The world’s first polymath?

Photo by Galen C. Dalrymple, copyright 2024. All Rights Reserved.

I shared pictures of this step pyramid before, but today I’d like to focus not so much on the structure itself, nor even the pharaoh for whom it was built. Today, I want to talk about the man who designed and built it: Imhotep. (No, no relation to the Imhotep from the Mummy movies. Sorry!)

Imhotep is considered by many to be the world’s first polymath. What is a polymath? Someone who has vast knowledge about a wide range of topics. That description certainly fits Imhotep.

For one thing, Imhotep is the first known architect by name. Though the Great Pyramids of Giza are far more famous, the pyramid of Djoser was build in the mid-27th century BCE. That means it is roughly 100 years older than the ones at Giza. Not only did he dream up this first-of-its-kind pyramidal structure, but he also is credited with using columns before anyone else, and for revolutionizing how stone was used in buildings.

But he wasn’t only an architect. He wrote texts that made huge contributions to medicine that included early diagnosis and treatments.

His knowledge and expertise were so vast that in 525 BCE, millennia after he died, he was so revered that he was elevated to the status of a full deity, becoming the Egyptian god of science, medicine, and architecture.

ON THIS DAY IN HISTORY: On June 24, 1997, U.S. Air Force officials released a 231-page report dismissing long-standing claims of an alien spacecraft crash in Roswell, New Mexico, almost exactly 50 years earlier.

Public interest in Unidentified Flying Objects, or UFOs, began to flourish in the 1940s, when developments in space travel and the dawn of the atomic age caused many Americans to turn their attention to the skies. The town of Roswell, located near the Pecos River in southeastern New Mexico, became a magnet for UFO believers due to the strange events of early July 1947, when ranch foreman W.W. Brazel found a strange, shiny material scattered over some of his land. He turned the material over to the sheriff, who passed it on to authorities at the nearby Air Force base. On July 8, Air Force officials announced they had recovered the wreckage of a “flying disk.” A local newspaper put the story on its front page, launching Roswell into the spotlight of the public’s UFO fascination. 

The Air Force soon took back their story, however, saying the debris had been merely a downed weather balloon. Aside from die-hard UFO believers, or “ufologists,” public interest in the so-called “Roswell Incident” faded until the late 1970s, when claims surfaced that the military had invented the weather balloon story as a cover-up. Believers in this theory argued that officials had in fact retrieved several alien bodies from the crashed spacecraft, which were now stored in the mysterious Area 51 installation in Nevada. Seeking to dispel these suspicions, the Air Force issued a 1,000-page report in 1994 stating that the crashed object was actually a high-altitude weather balloon launched from a nearby missile test-site as part of a classified experiment aimed at monitoring the atmosphere in order to detect Soviet nuclear tests.

On July 24, 1997, barely a week before the extravagant 50th anniversary celebration of the incident, the Air Force released yet another report on the controversial subject.
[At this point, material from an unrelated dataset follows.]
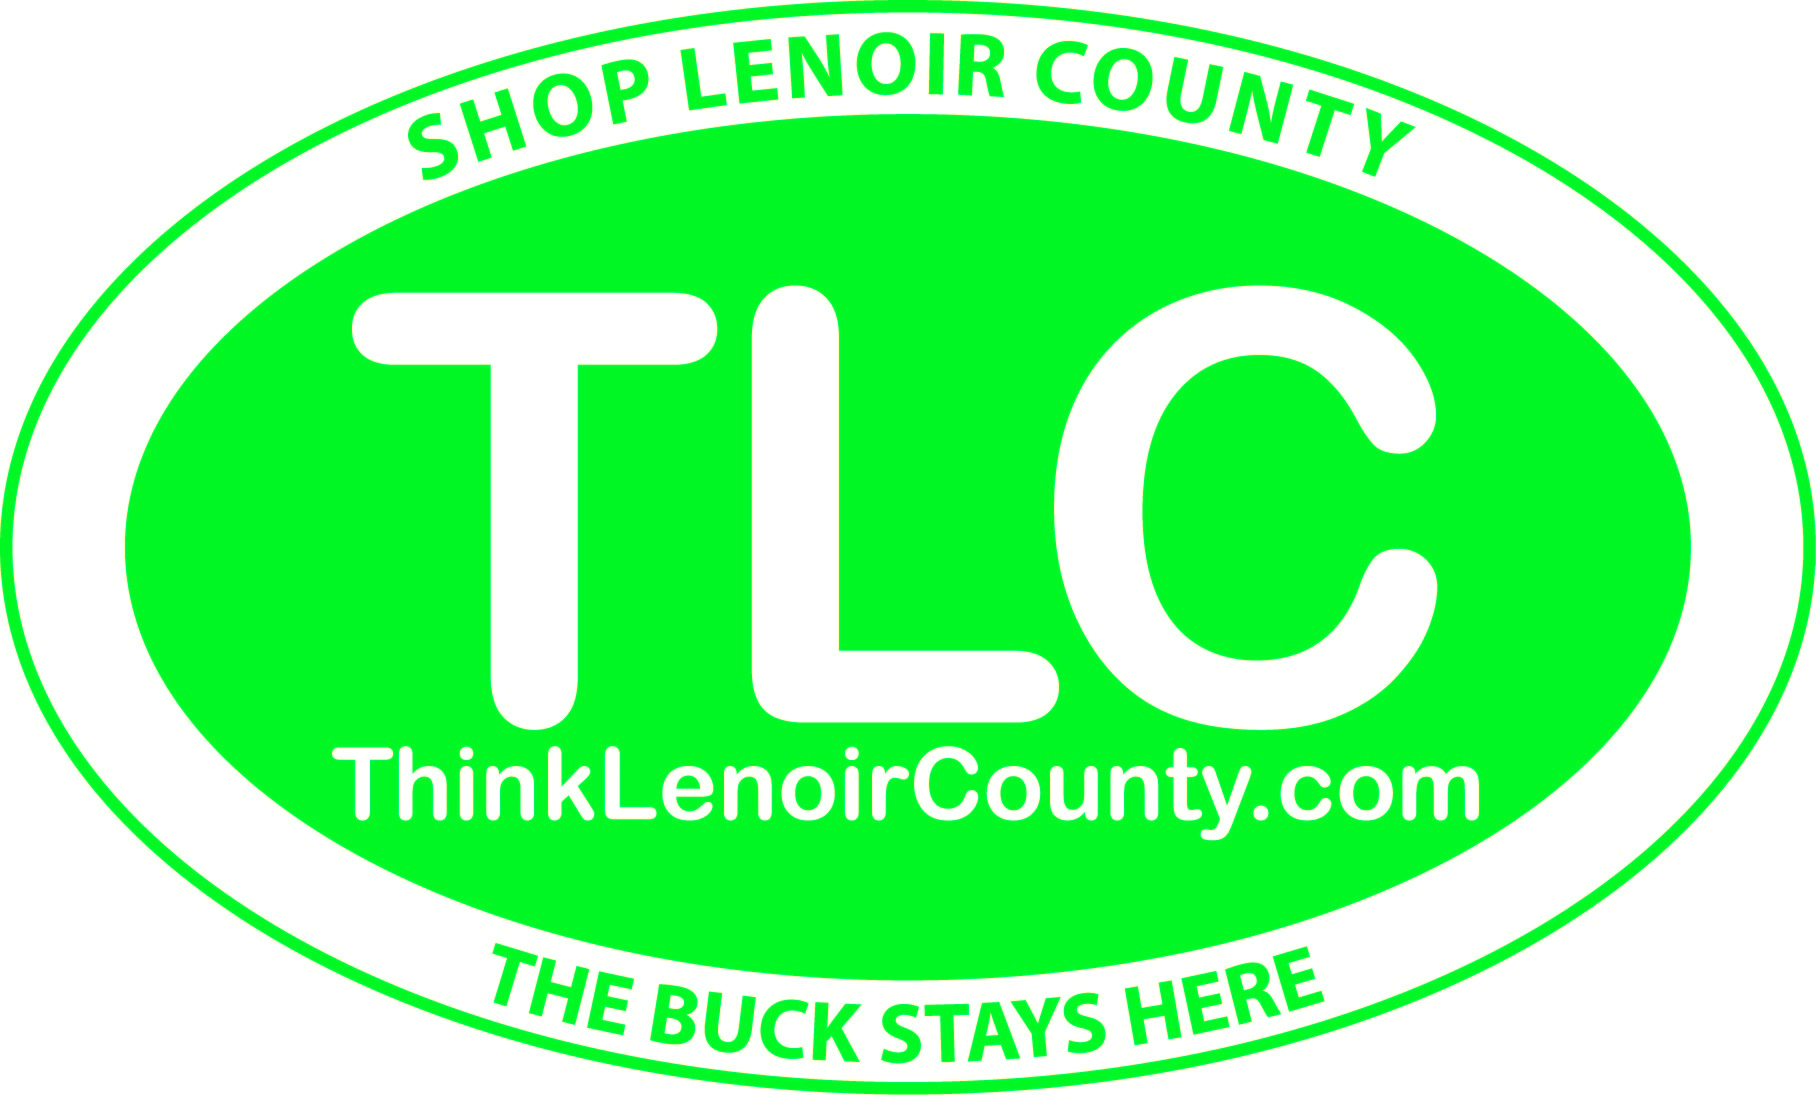 Green Oval Logo - Think Lenoir County - TLC in Businesses

Titled “The Roswell Report, Case Closed,” the document stated definitively that there was no Pentagon evidence that any kind of life form was found in the Roswell area in connection with the reported UFO sightings, and that the “bodies” recovered were not aliens but dummies used in parachute tests conducted in the region. Any hopes that this would put an end to the cover-up debate were in vain, as furious ufologists rushed to point out the report’s inconsistencies. With conspiracy theories still alive and well on the Internet, Roswell continues to thrive as a tourist destination for UFO enthusiasts far and wide, hosting the annual UFO Encounter Festival each July and welcoming visitors year-round to its International UFO Museum and Research Center. – The History Channel

TRIVIA FOR TODAY: The two “T”s in the Tostitos logo are actually two people sharing a tortilla chip over a bowl of salsa, which is the red dot over the the “i.”